### The data
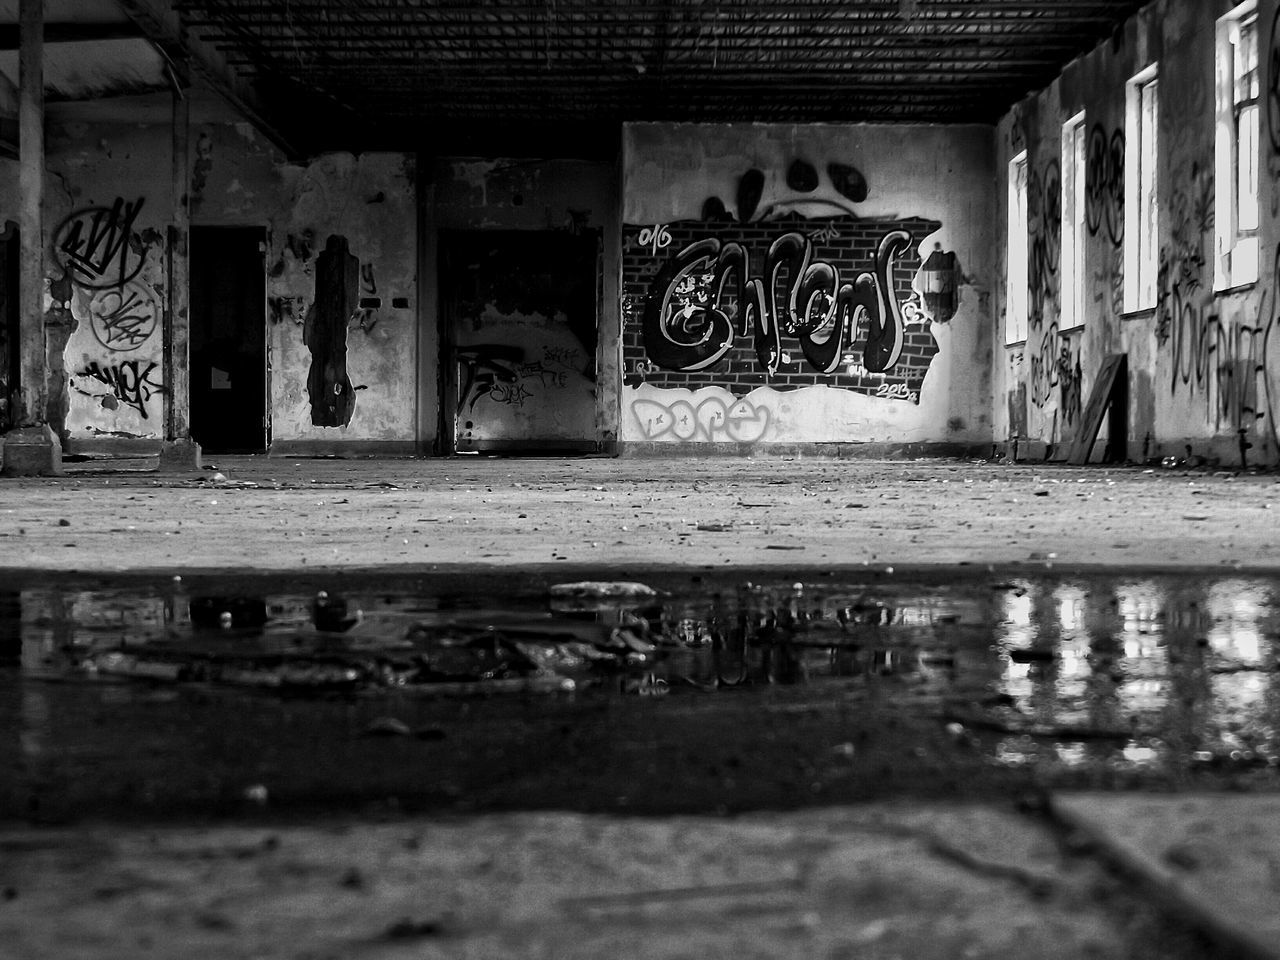 Graffiti In Abandoned Factory
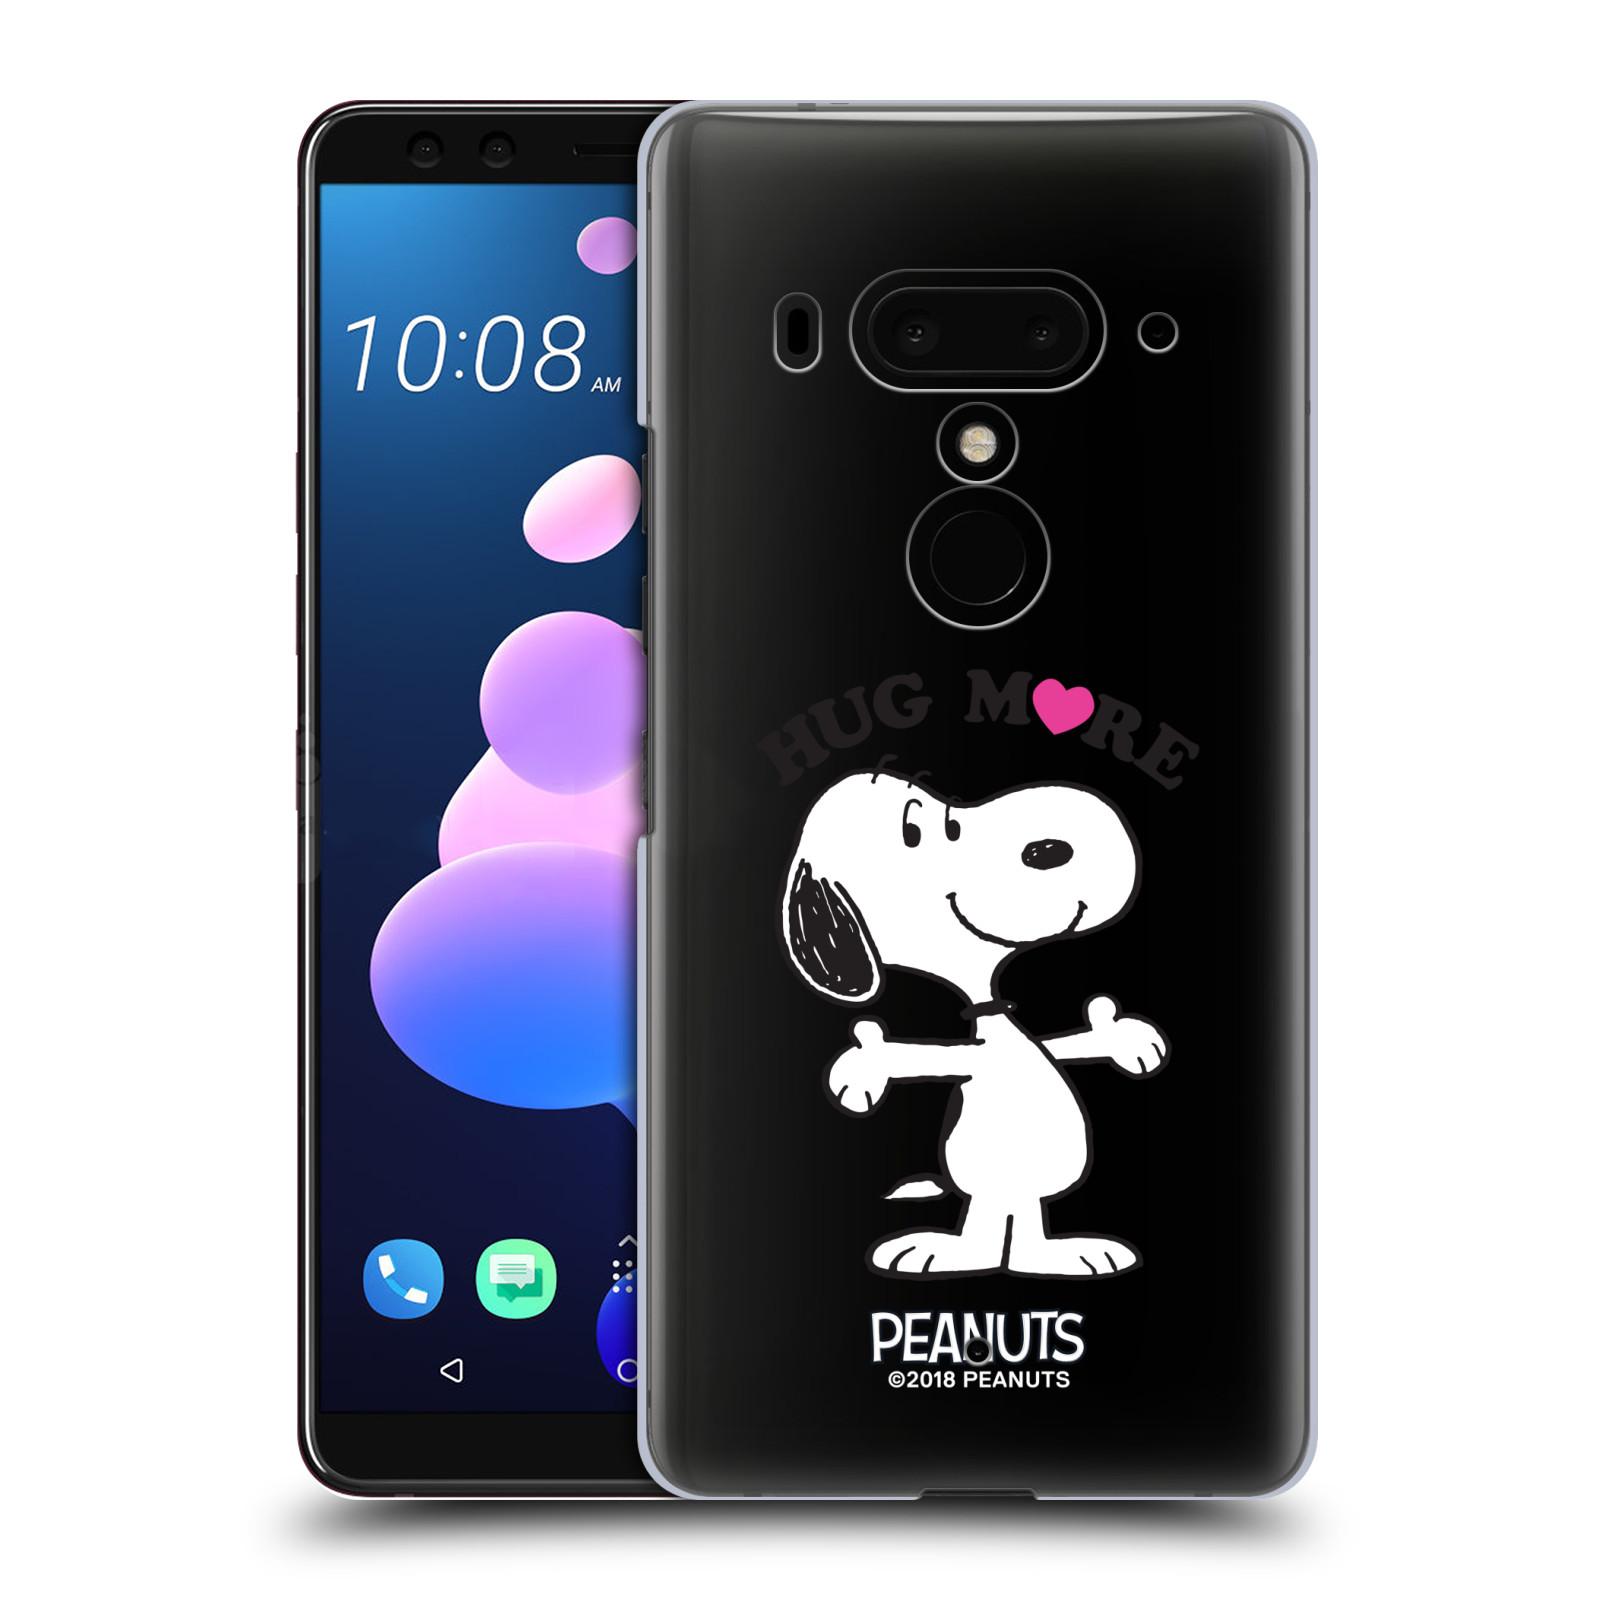 Pouzdro na mobil HTC U 12 PLUS / U 12+ DUAL SIM Oficiální motiv Peanuts pejsek Snoopy srdíčko
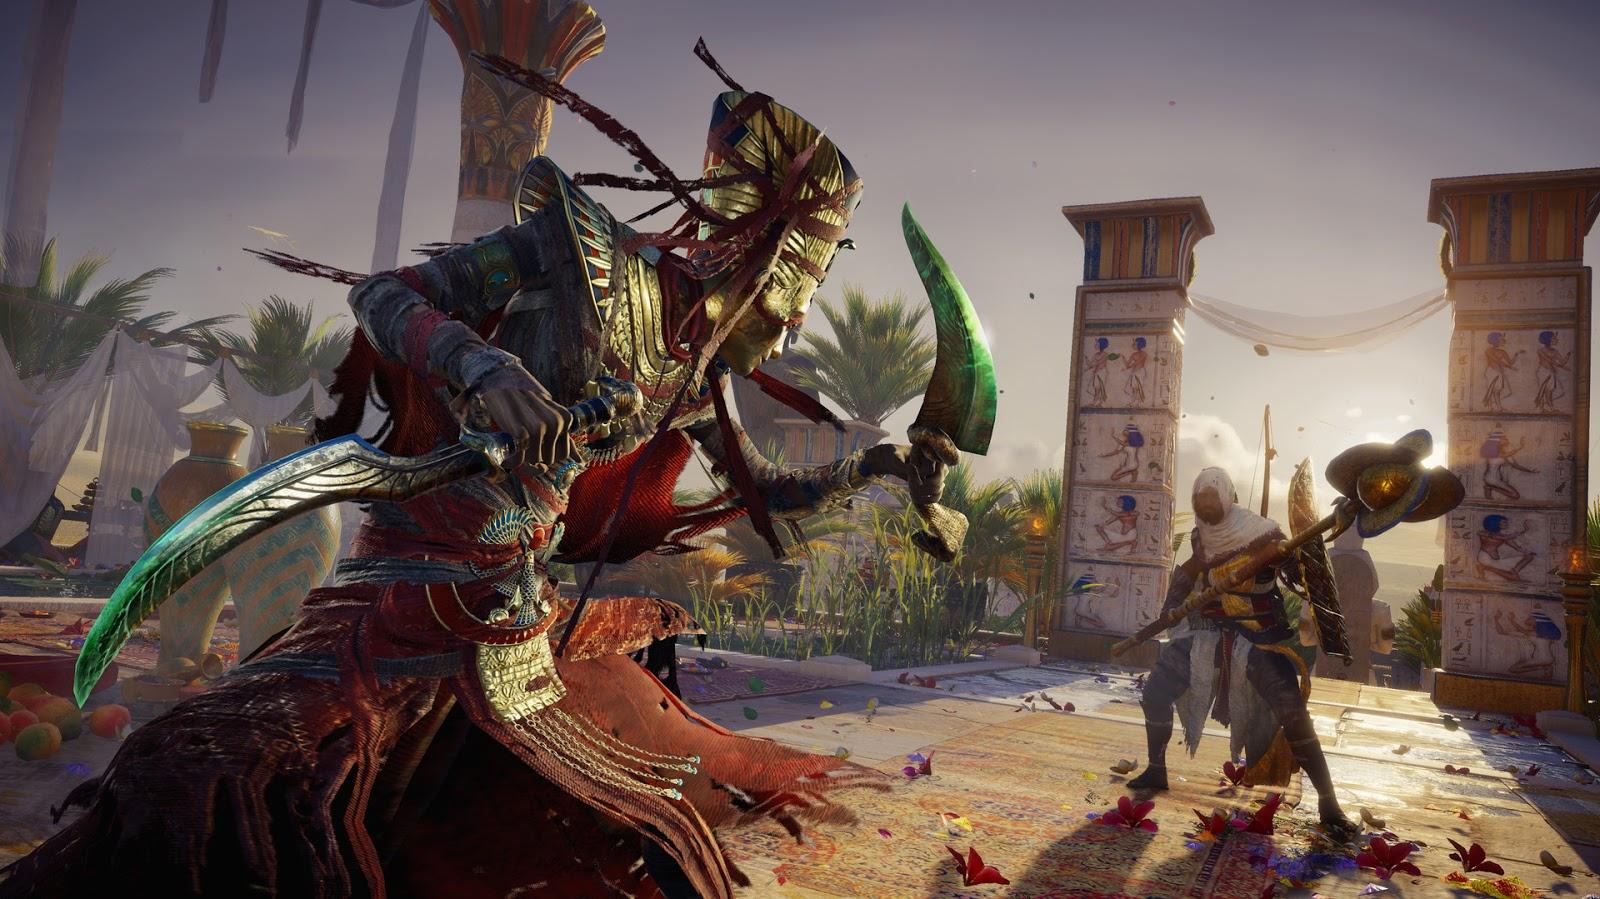 Assassin's Creed Origins The Curse Of The Pharaohs PC ESPAÑOL + Crackfix (CODEX) + REPACK 11 DVD5 (JPW) 2
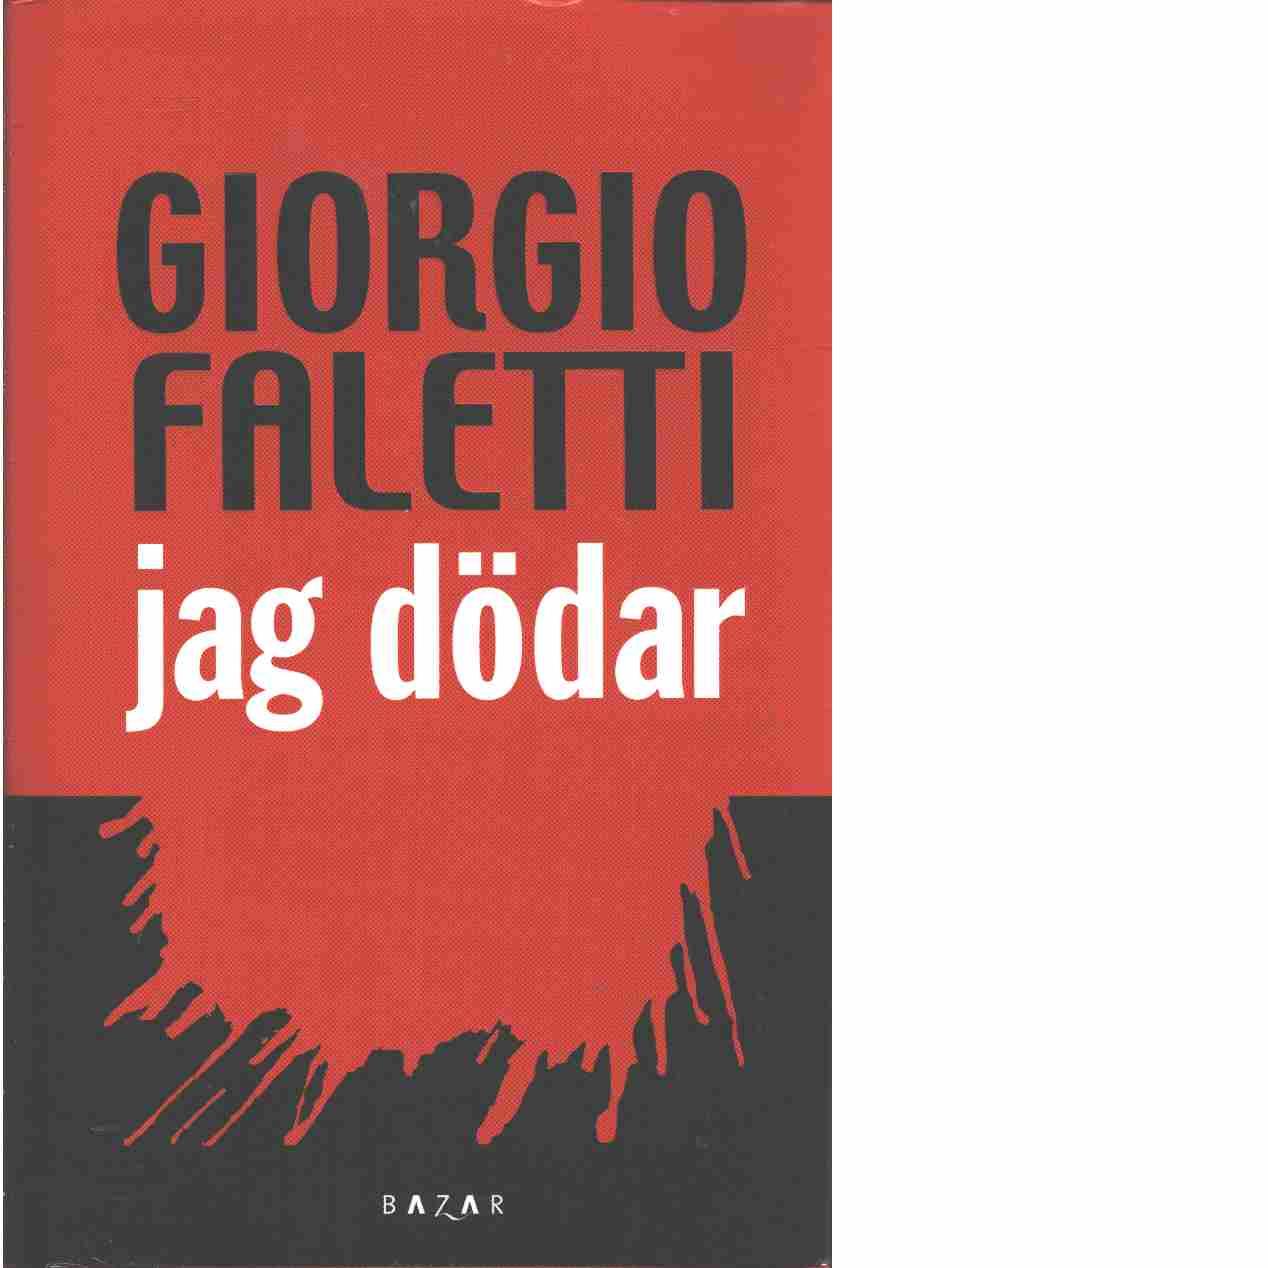 Jag dödar - Faletti, Giorgio

### Task item
Retype exactly the lines above, starting at the line containing "Assassin's Creed Origins" and ending with the last line, both included; leave out the pictures.

### Completed exercise
 Assassin's Creed Origins The Curse Of The Pharaohs PC ESPAÑOL + Crackfix (CODEX) + REPACK 11 DVD5 (JPW) 2
 Jag dödar - Faletti, Giorgio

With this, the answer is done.